# PySpark: Zero to Hero
## Module 5: Environment Setup (Docker Cluster)

In this module, we will set up a professional PySpark environment on your local machine using **Docker**.

### Why Docker?
*   **Consistency:** It works exactly the same on Windows, Mac, and Linux.
*   **Cluster Simulation:** We can simulate a real production environment (Master Node + Worker Nodes) on a single laptop.
*   **No Mess:** It doesn't install Java, Scala, or Python globally on your laptop, keeping your OS clean.

### Prerequisites
1.  **Docker Desktop:** Download and install from [docker.com](https://www.docker.com/products/docker-desktop/).
2.  **Git:** (Optional but recommended) to clone the repository.

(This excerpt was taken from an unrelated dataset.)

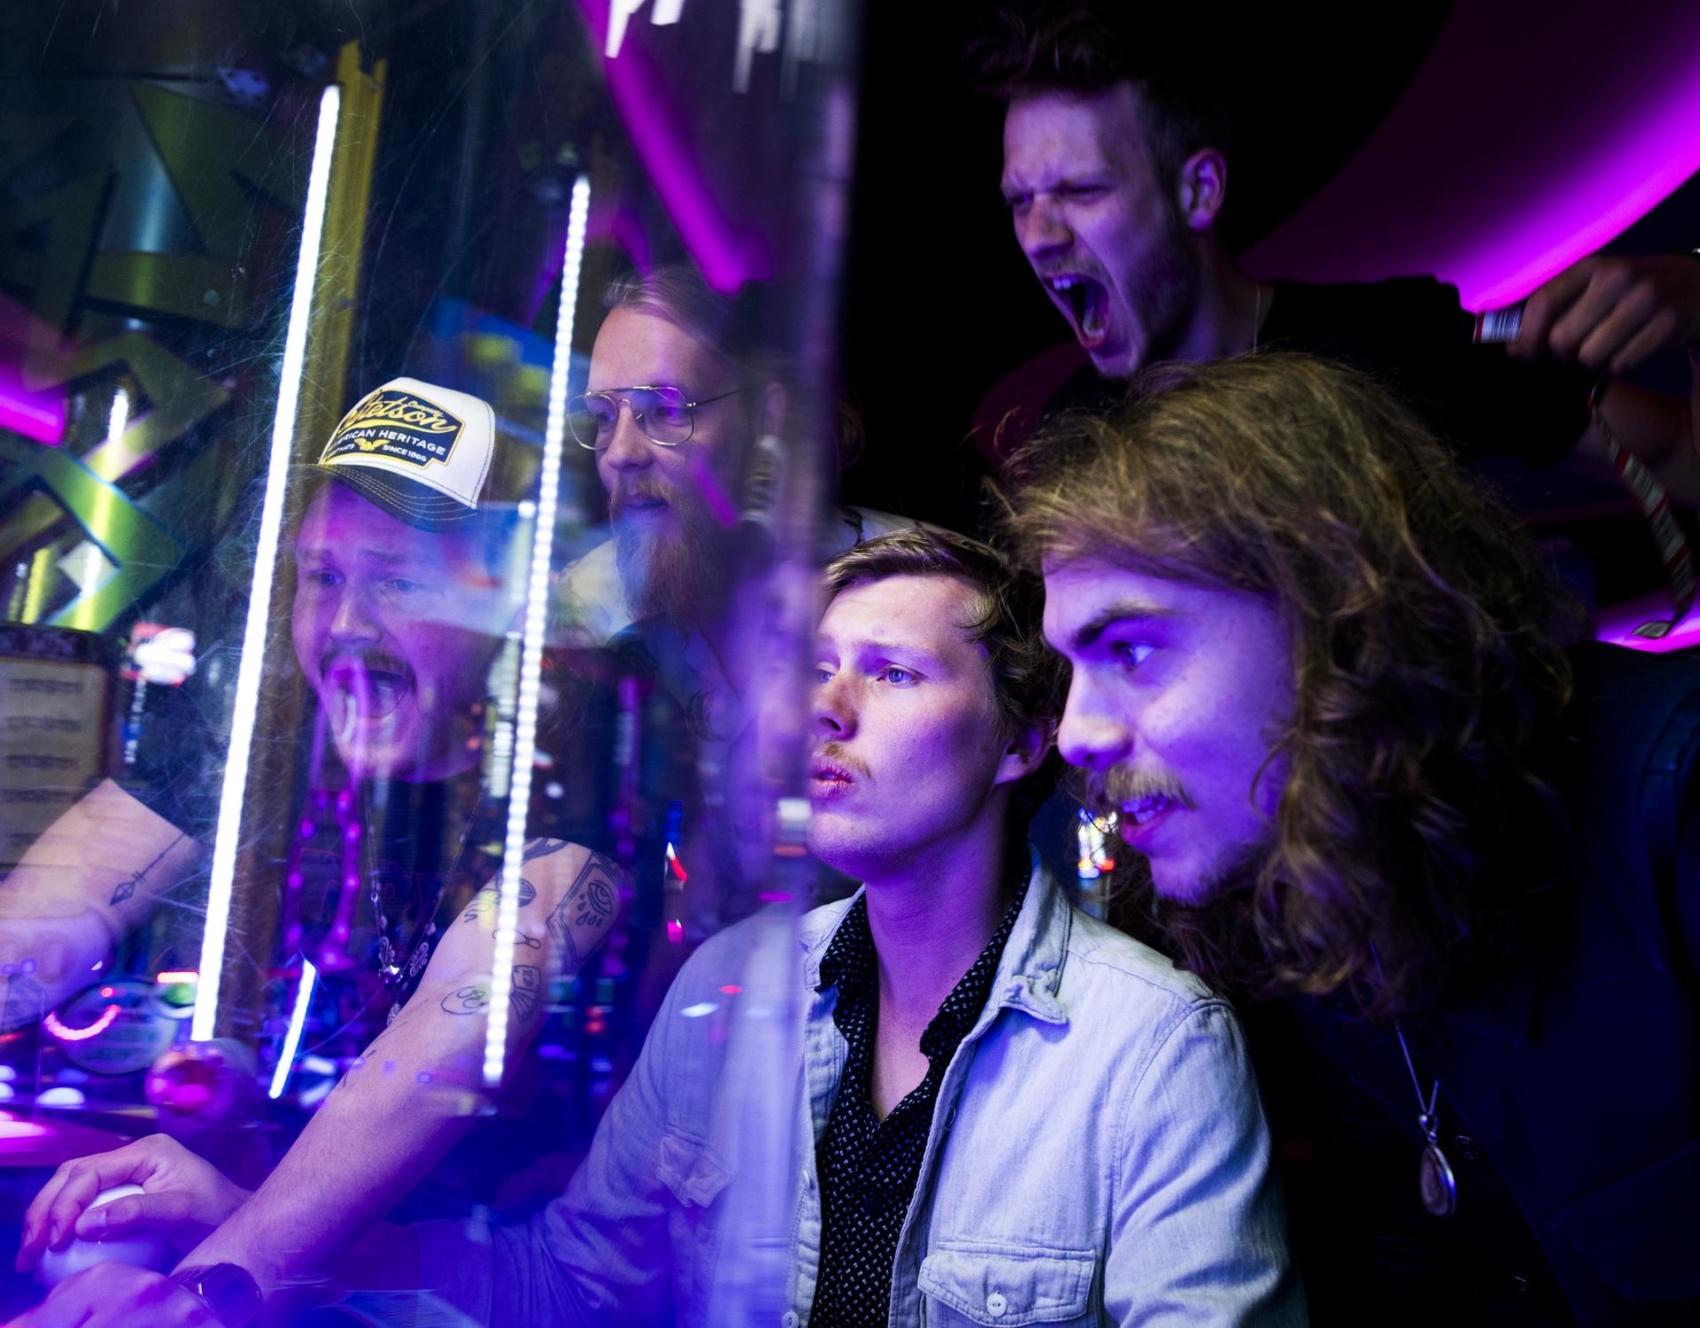 Gamestate: Grootste arcadehal van Nederland opent in Zuidoost

## Option A: Standalone Mode (Quick Start)
Use this if you just want to run code quickly without simulating a full cluster.

**Steps:**
1.  Open your Terminal (Mac/Linux) or Command Prompt (Windows).
2.  Run the following command to download and start the container:
    ```bash
    docker run -p 8888:8888 -p 4040:4040 self/pyspark-jupyter-lab-old:latest
    ```
3.  **Access:**
    *   Look at the terminal logs for a URL like `http://127.0.0.1:8888/lab?token=...`
    *   Copy that token and paste it into your browser at `localhost:8888`.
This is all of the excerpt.